Data processing with Hadoop
In the remaining chapters of this book, we will introduce the core components of the Hadoop ecosystem as well as a number of third-party tools and libraries that will make writing robust, distributed code an accessible and hopefully enjoyable task. While reading this book, you will learn how to collect, process, store, and extract information from large amounts of structured and unstructured data.
We will use a dataset generated from Twitter's (http://www.twitter.com) real-time fire hose. This approach will allow us to experiment with relatively small datasets locally and, once ready, scale the examples up to production-level data sizes.
Why Twitter?
Thanks to its programmatic APIs, Twitter provides an easy way to generate datasets of arbitrary size and inject them into our local- or cloud-based Hadoop clusters. Other than the sheer size, the dataset that we will use has a number of properties that fit several interesting data modeling and processing use cases.
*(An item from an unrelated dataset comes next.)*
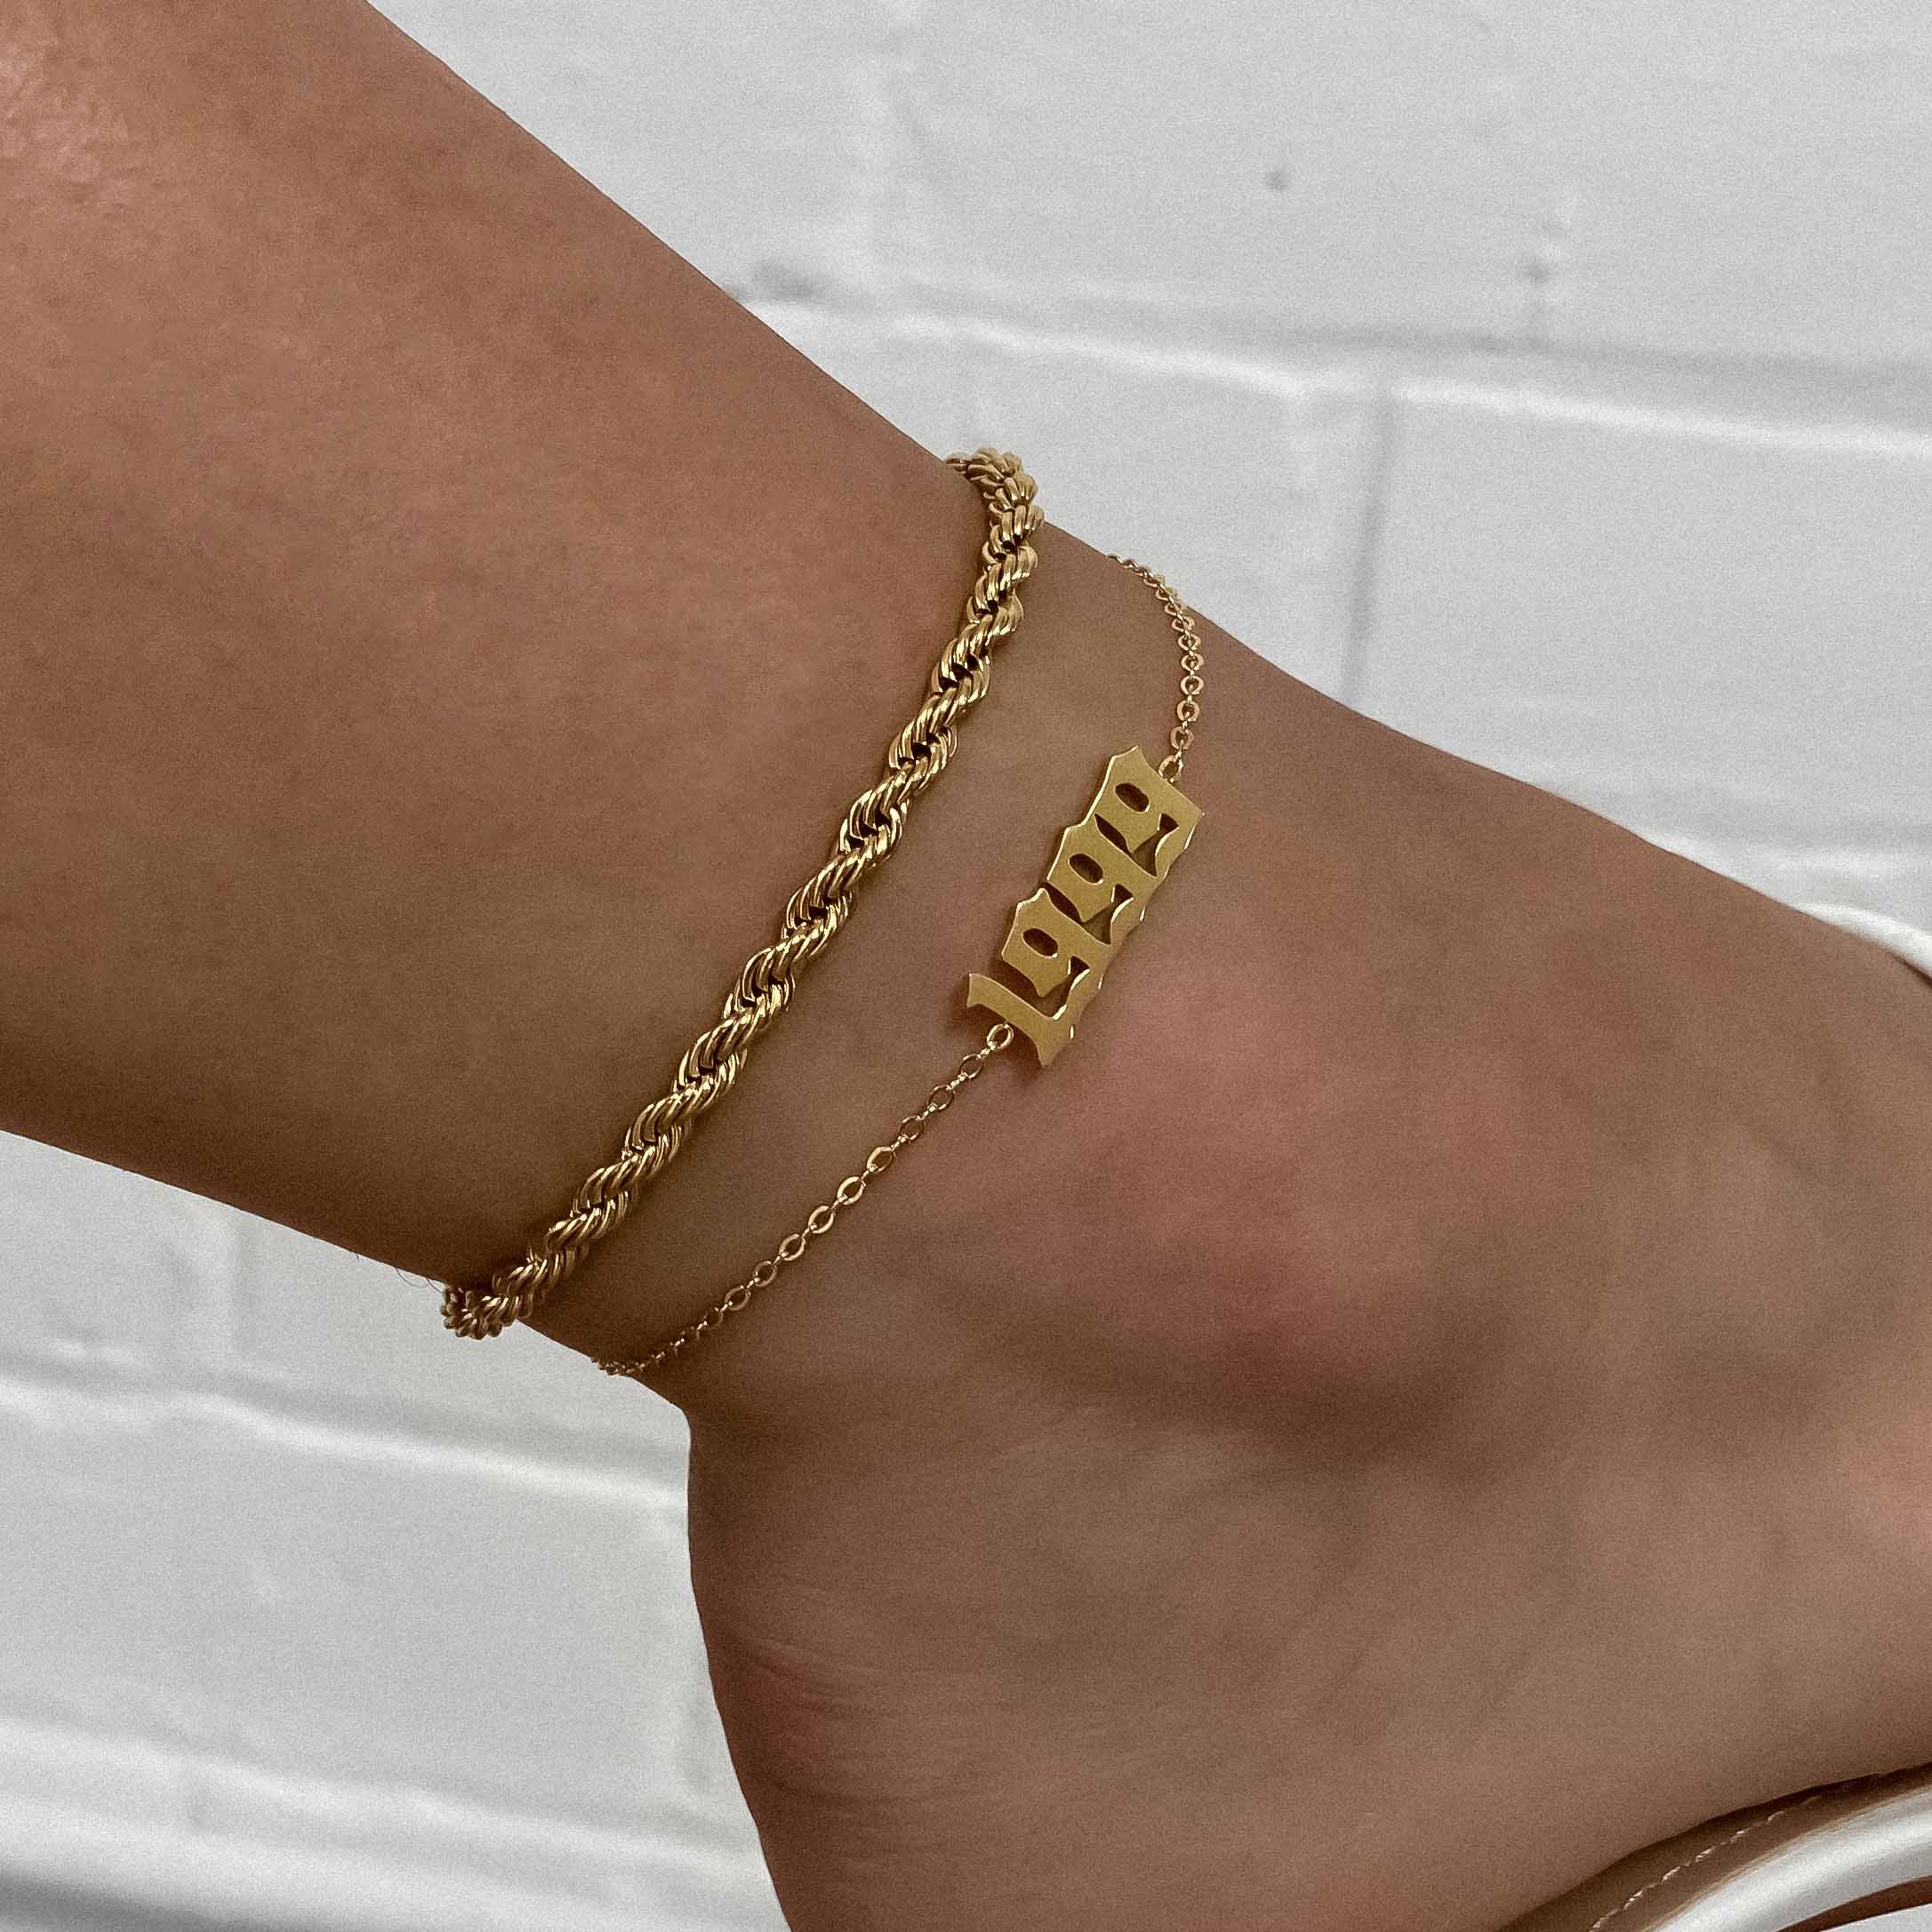 Gold birth year anklet paired with a gold twisted rope chain anklet

Twitter data possesses the following properties:
- Unstructured: each status update is a text message that can contain references to media content such as URLs and images
- Structured: tweets are timestamped, sequential records
- Graph: relationships such as replies and mentions can be modeled as a network of interactions
- Geolocated: the location where a tweet was posted or where a user resides
- Real time: all data generated on Twitter is available via a real-time fire hose
These properties will be reflected in the type of application that we can build with Hadoop. These include examples of sentiment analysis, social network, and trend analysis.
Building our first dataset
Twitter's terms of service prohibit redistribution of user-generated data in any form; for this reason, we cannot make available a common dataset. Instead, we will use a Python script to programmatically access the platform and create a dump of user tweets collected from a live stream.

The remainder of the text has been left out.